Uthman ibn Talha ibn Abdullah ibn Abd al-Uzza ibn Uthman ibn Abd al-dar ibn Qusai ibn Kilab ibn Murrah ibn Ka'b ibn Lu'ayy ibn Ghalib ibn Fihr ibn Mālik ibn al-Naḍr ibn Kinanah ibn Khuzaymah ibn Mudrikah (ʿAmir) ibn Ilyas ibn Muḍar ibn Nizar ibn Maʿad ibn Adnan

==Conquest of Mecca and conversion to Islam==
Upon the Conquest of Mecca in January 630, Muhammad found that the Kaaba was locked. He said, "'Who has the key?'" and was told that Uthman Ibn Talha had it. Muhammad told Ali to take the key from Uthman. Ali went to him and asked, "Can you please give me key?". Uthman replied, "Why you are asking?
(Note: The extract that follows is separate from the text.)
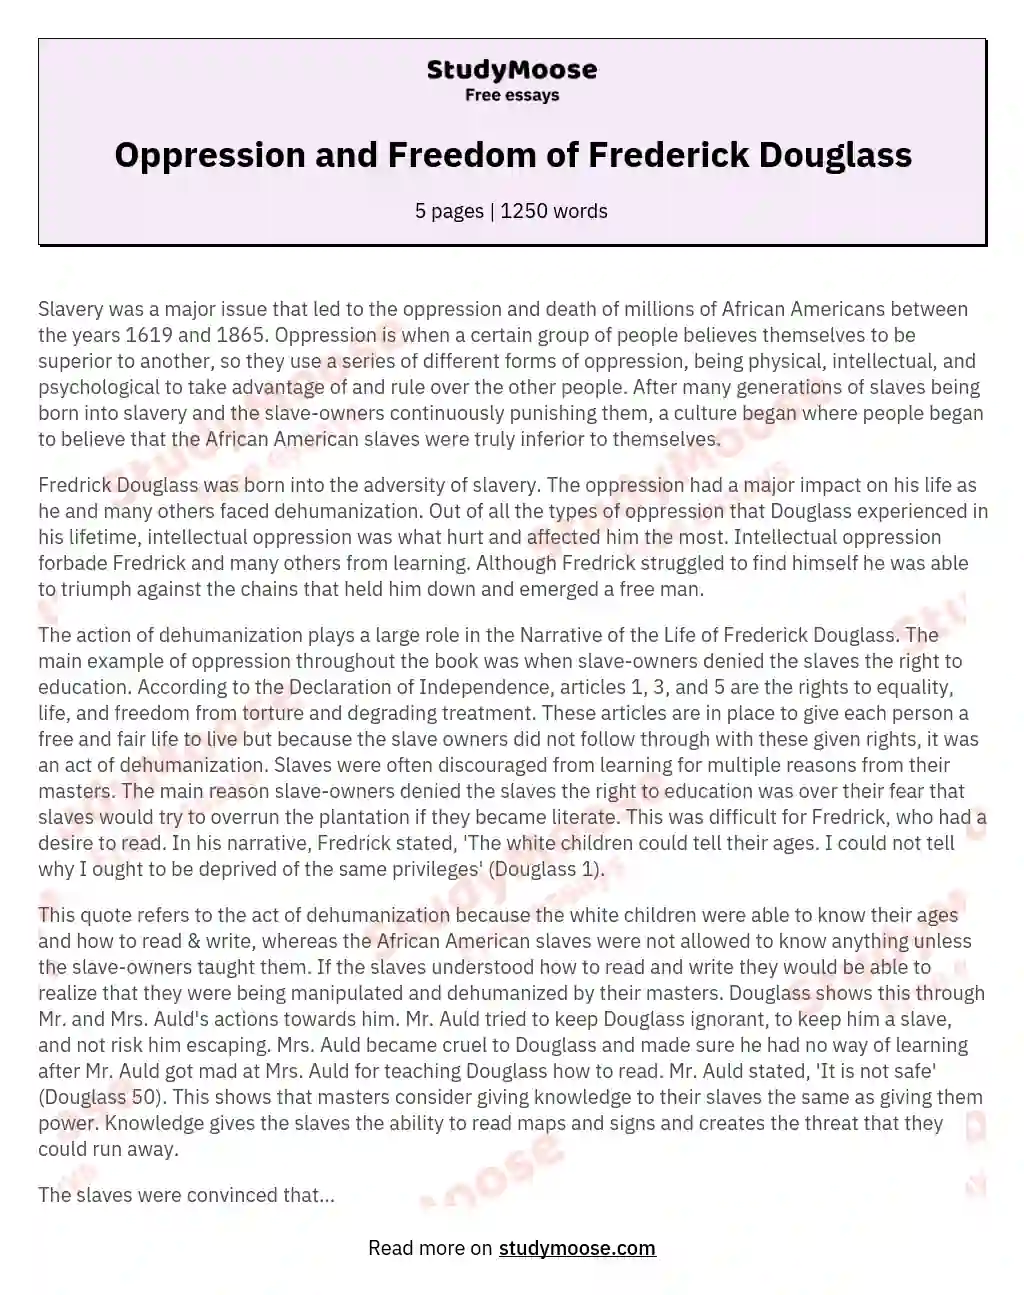 Oppression and Freedom of Frederick Douglass essay
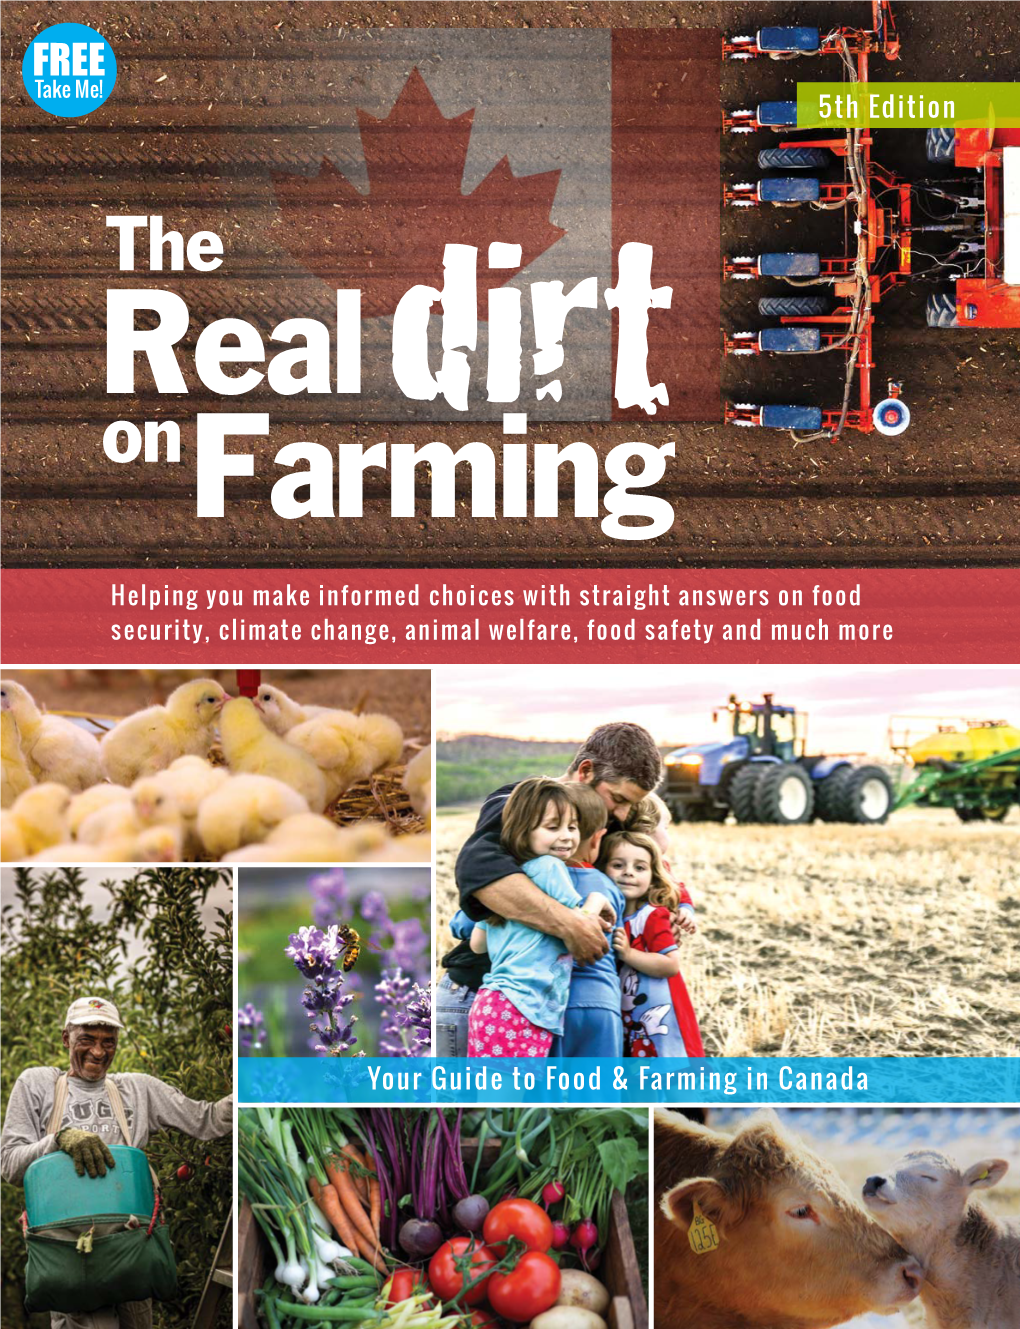 5Th Edition Your Guide to Food & Farming in Canada

Is someone at Mecca?". Ali replied, "Muhammad wants this key to enter the Kaaba." Uthman refused to hand it over. Ali snatched the key from him and gave it to Muhammad.

Muhammad said that he had received a revelation inside the Kaaba, telling him to "return this key to its owner". Muhammad told Ali to return the key to Uthman Ibn Talha and to ask forgiveness for what he did. Ali went to Uthman and said to him: "O Uthman, I am here to return to you this key which you gave me and please forgive me for this my deed." Uthman laughed at him and said, "First you came here to snatch the key from me and now you come to me to return the key" Ali said, "I took the key from you, but Muhammad received a revelation to return it to you. Ali told the Ayah and Uthman said, "Ash Hadu Allahilaha Ilalla Wahdahu La Sharika Lahu Wa Ash Hadu Ana Muhammadan Abduh Wa Rasoolu", and converted to Islam.

Muhammad handed the key to the Shayba family, announcing, "Take it, O Children of Talha, eternally up to the Day of Resurrection, and it will not be taken from you unless by an unjust, oppressive tyrant."

Thereafter, Uthman ibn Talha was acknowledged as one of Muhammad's best companions.

Waqidi records that Uthman converted to Islam in June 629 at the same time as Khalid ibn al-Walid and lived in Medina until the Muslim army set out for the conquest.